* Task instructions *
From top to bottom, write out the listing exactly and skip every picture.

* Data provided *

━━━━━━━━━━━━━━━━━━━━

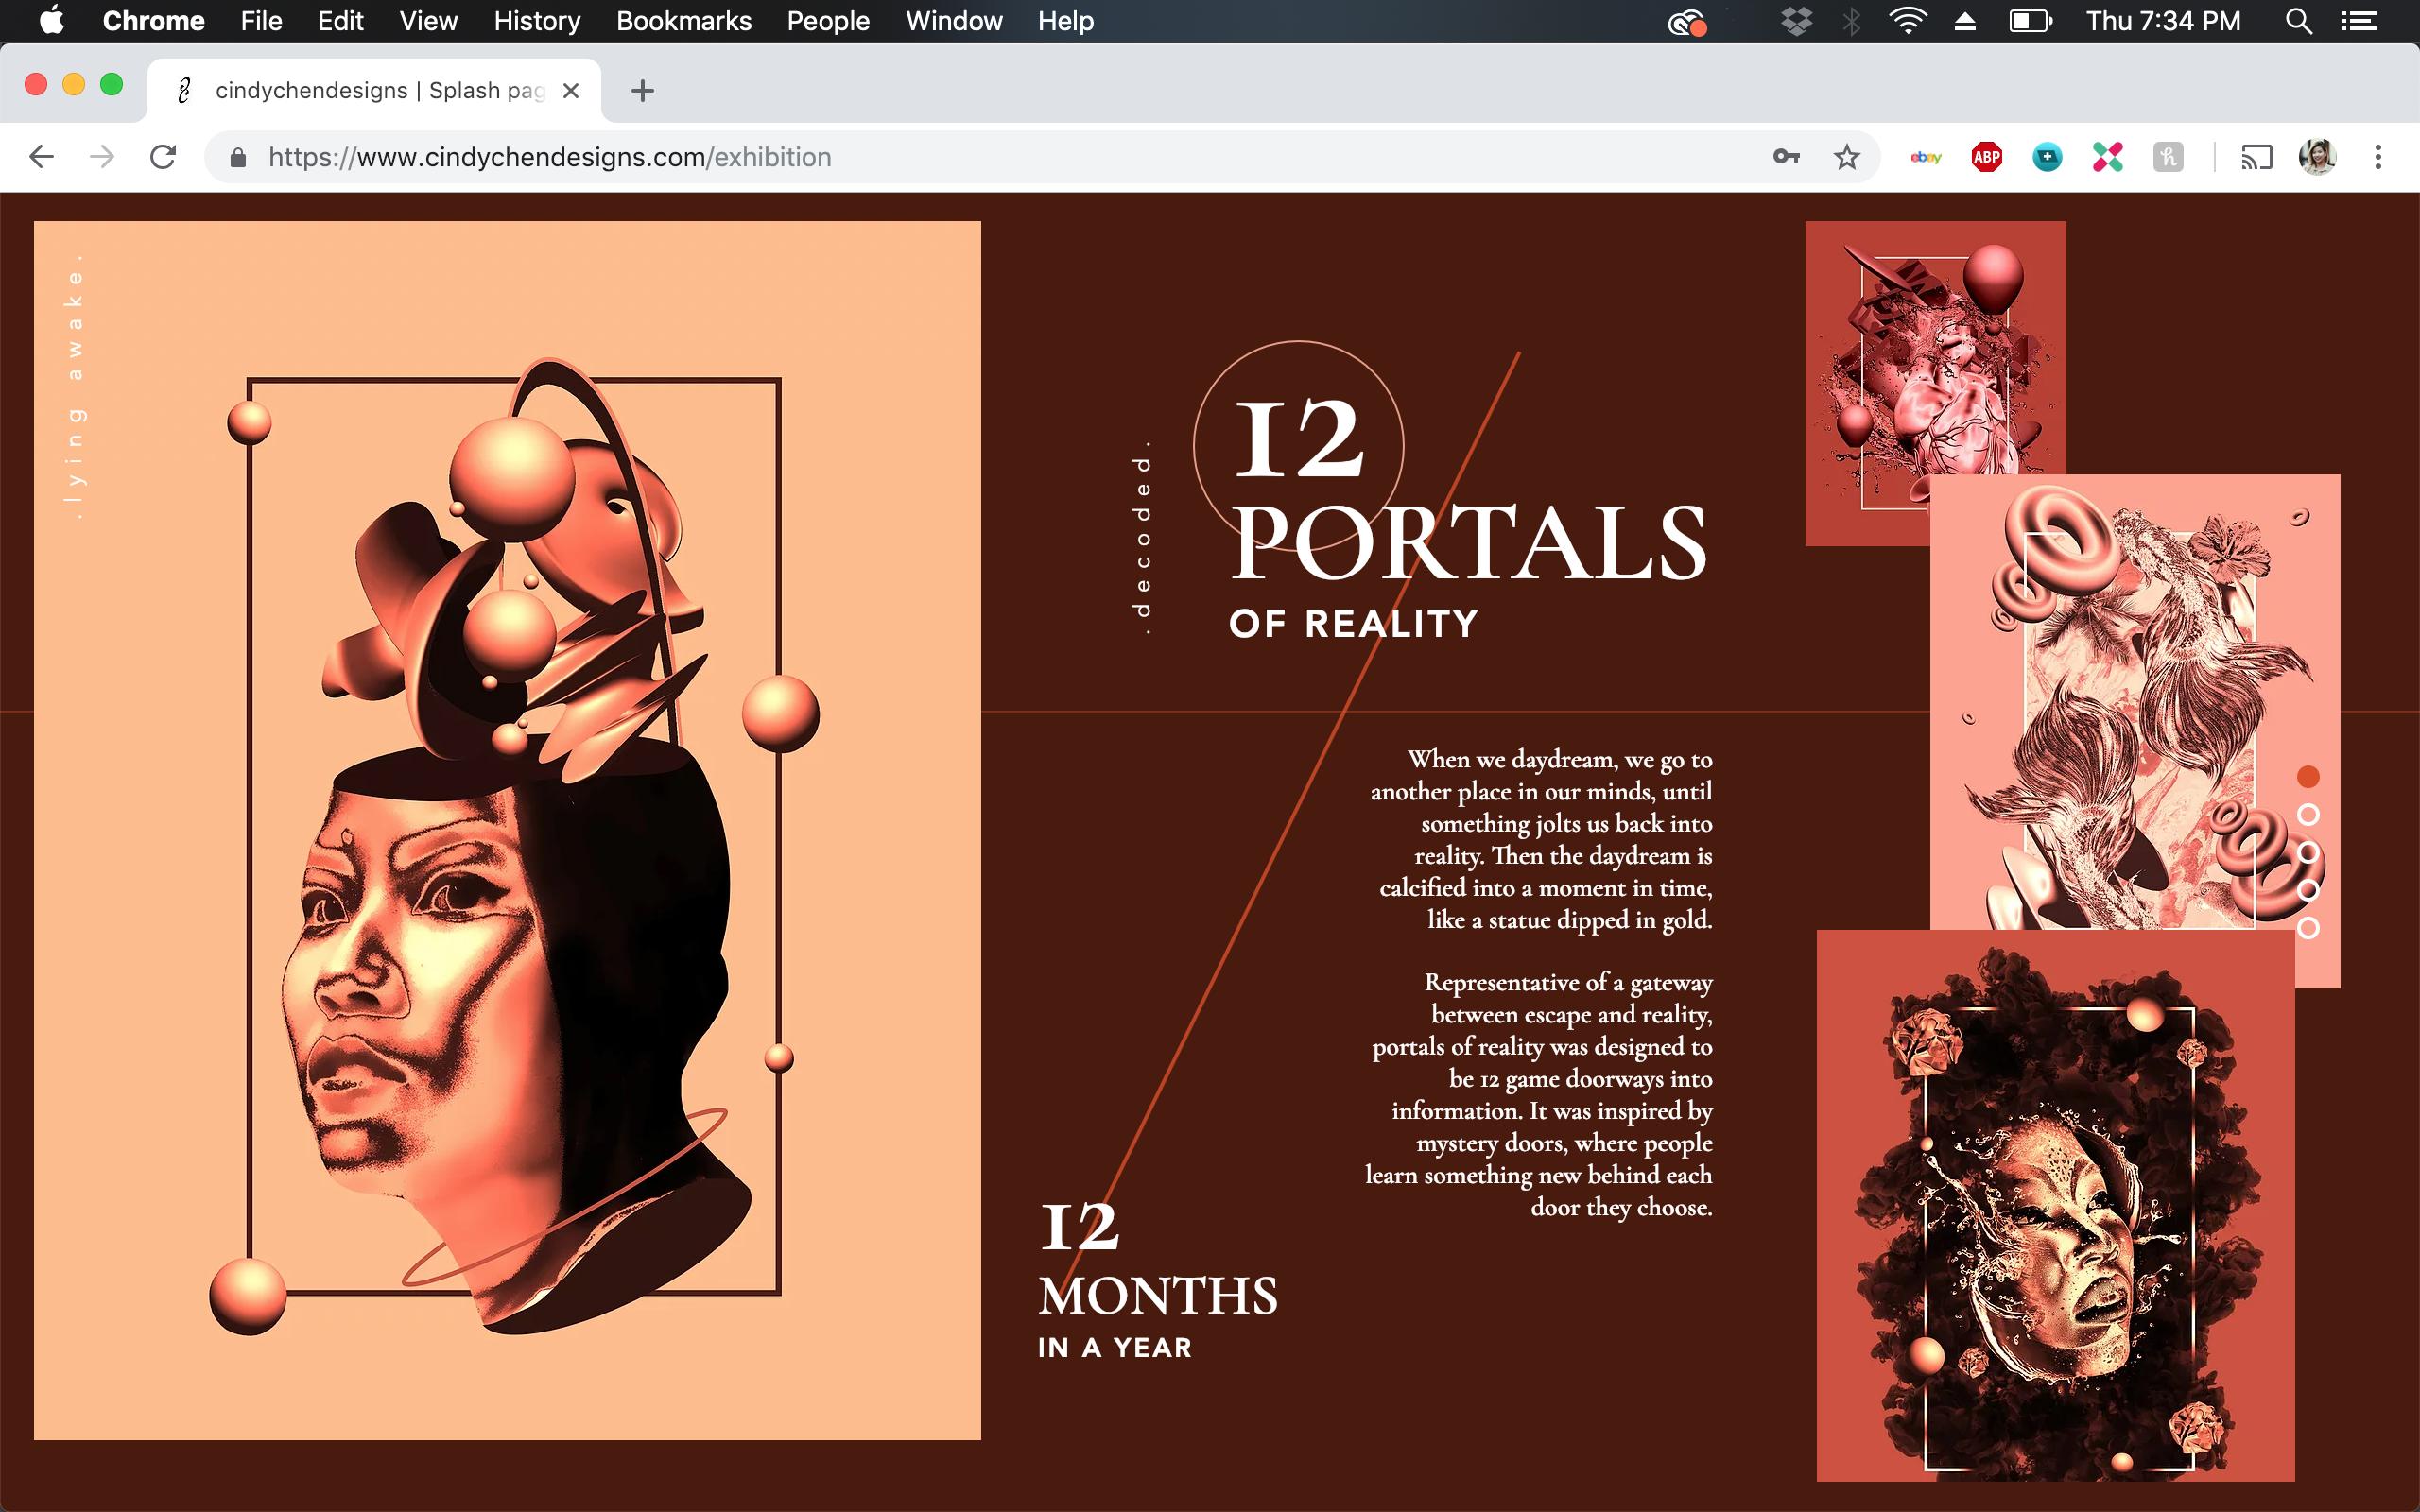 Exhibition Page P1
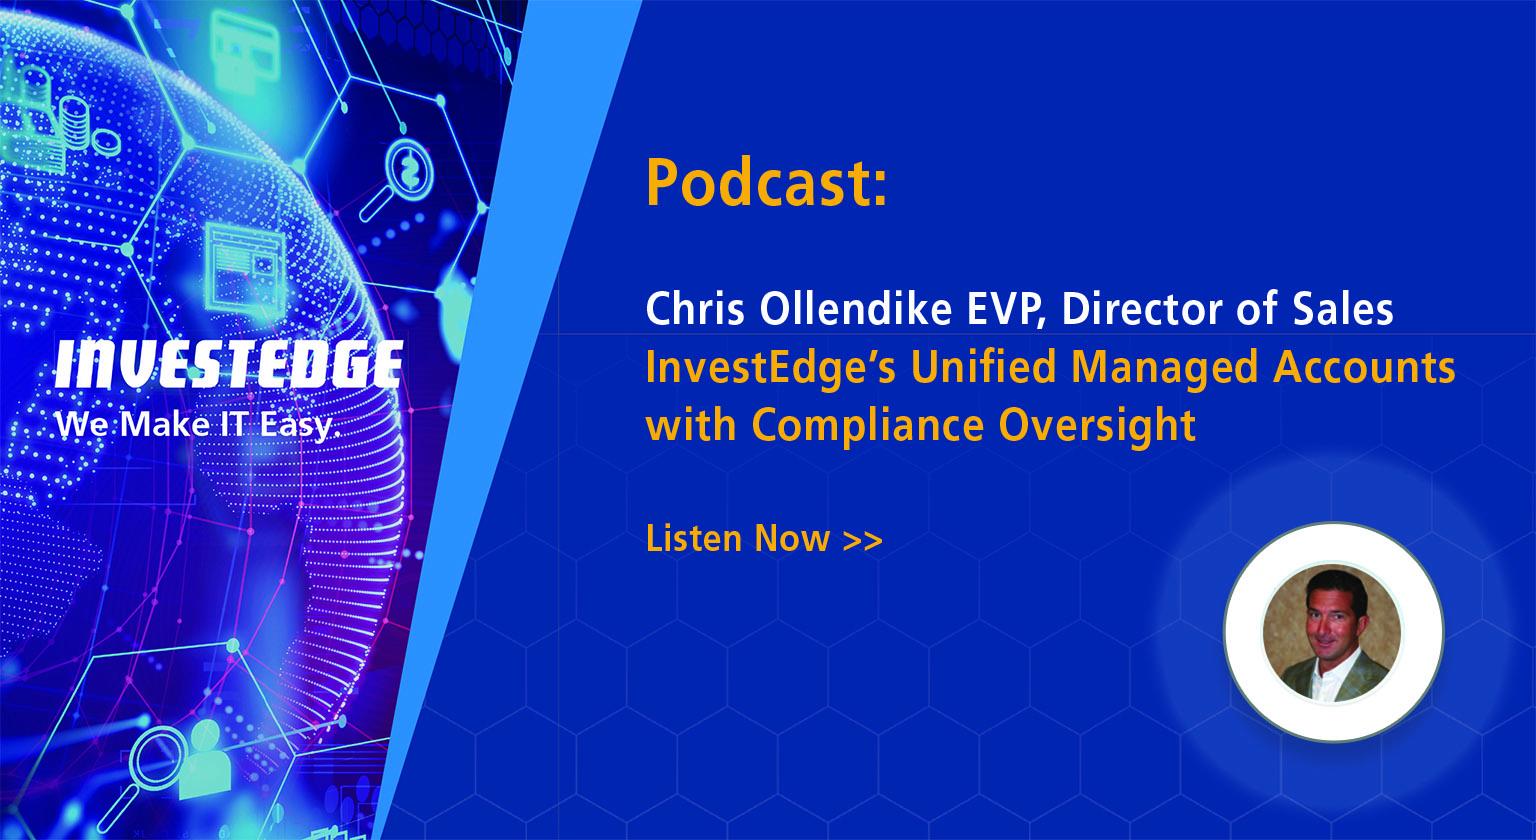 UMAs with Compliance Oversight
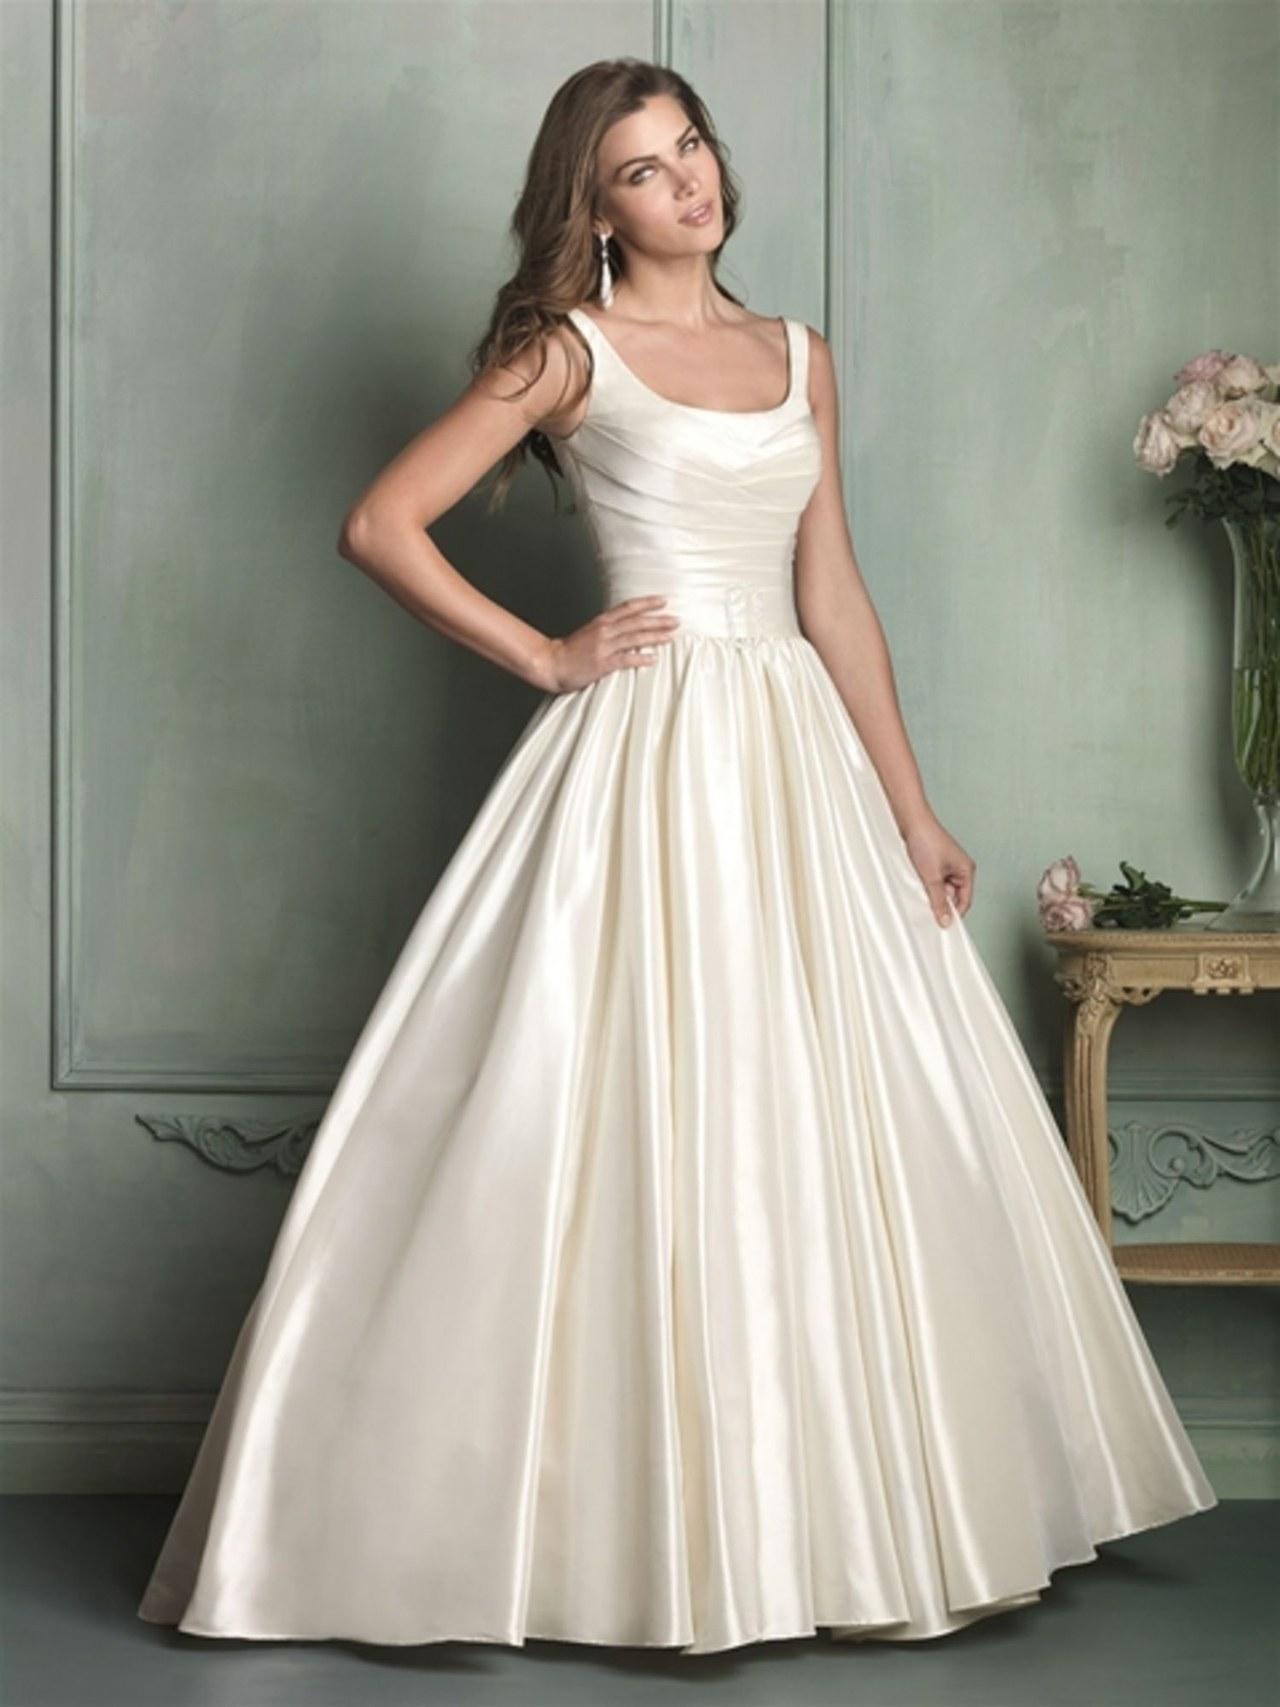 angelina wedding dresses photo - 1

━━━━━━━━━━━━━━━━━━━━

* Answer for the task *
 Exhibition Page P1
 UMAs with Compliance Oversight
 angelina wedding dresses photo - 1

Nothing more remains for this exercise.